C’est pourquoi, en ami sincère, je vous conseille de regagner les terres qui vous restent dans le Saint-Empire. Là, loin des intrigues romaines, vous pourrez trouver refuge, repos, et peut-être même une forme de réhabilitation par le silence et la discrétion. Les années apaisent les mémoires, et les hommes oublient plus vite qu’ils ne pardonnent. Faites-vous, donc, oublier quelques temps. Laissez les vents tourner. Et lorsque Dieu jugera l’heure venue, peut-être votre nom retrouvera-t-il la place qu’il mérite.

Recevez, mon cher ami, l’assurance de ma fidèle amitié et de mes priè…

Malheureusement, le temps n’a pas préservé la fin de cette lettre non plus. Toutefois, la chance miraculeuse qui a permis à cette correspondance de traverser les siècles jusqu’à nous met en lumière les dynamiques de pouvoir qui se jouent entre les royaumes européens vis-à-vis de la papauté, et surtout le rapport que pouvait entretenir l’Inquisition avec les puissants.

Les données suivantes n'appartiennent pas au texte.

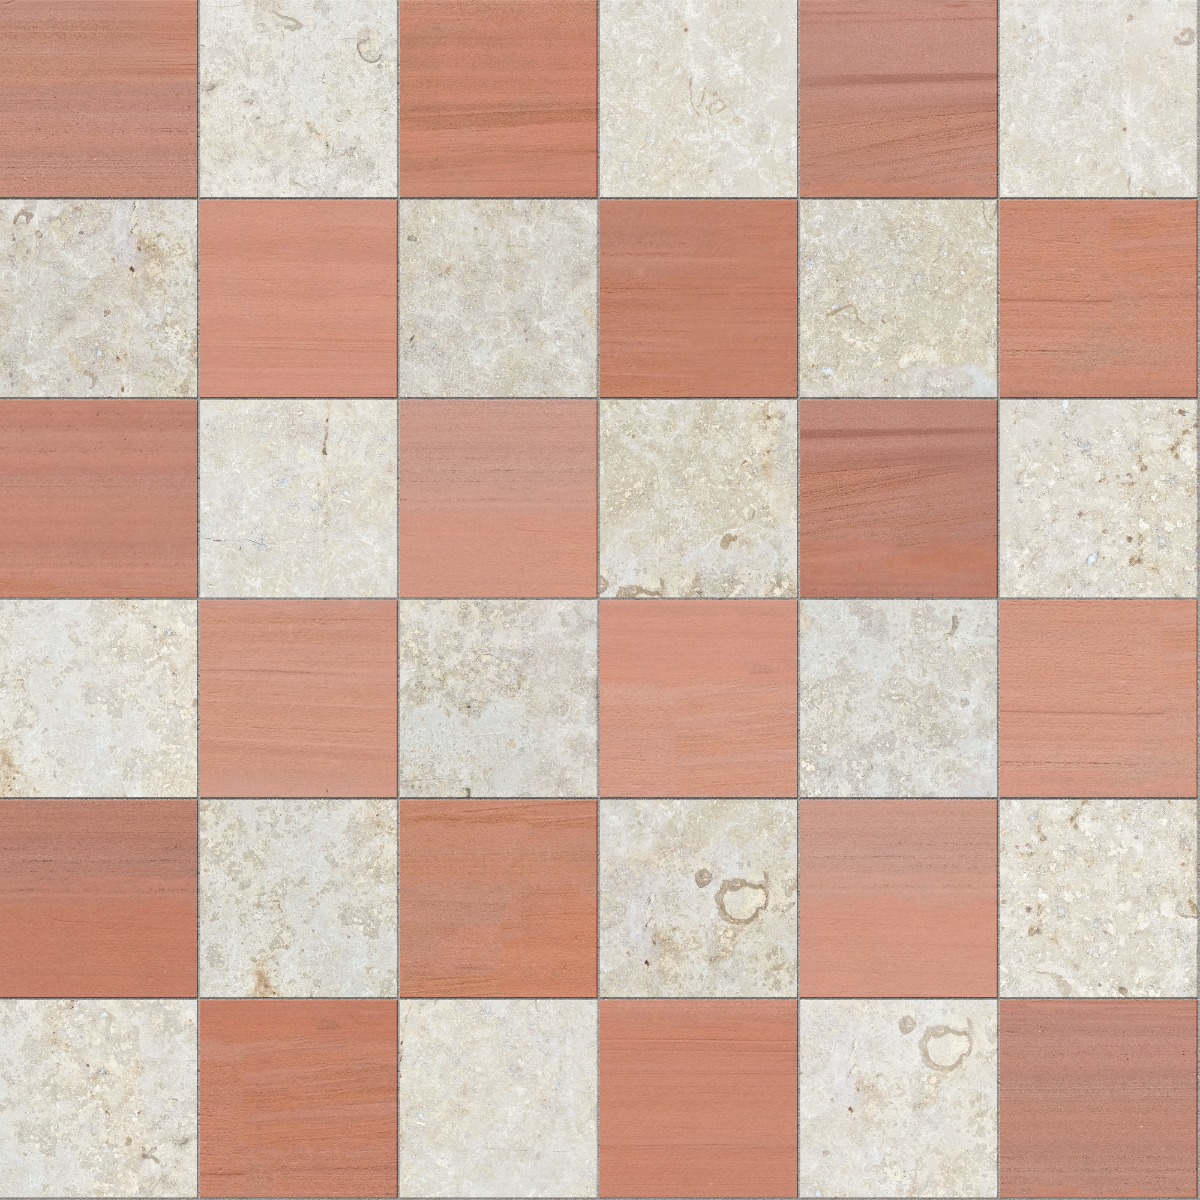 A seamless stone texture with red sandstone blocks arranged in a Stack pattern

Il nous faudra encore soumettre ces lettres à différents experts, mais la maladie mentale dont semble souffrir le cardinal — le sadisme, peut-être même une certaine forme de psychopathie — devra être analysée par des experts en psychologie historique.

Cela pourra aussi intéresser des sociologues-historiens afin d’étudier comment le pouvoir se réorganise quand certains de ses membres influents développent de telles formes de ce que nous pouvons qualifier, dans le contexte d’une dynamique politique, de faiblesse et de besoin avoué de destruction de l’autre. Comment le pouvoir accepte-t-il cela, comment s'en sert-il, est-ce qu'il s'en sert et, surtout, comment s'en débarrasse-t-il et pourquoi ?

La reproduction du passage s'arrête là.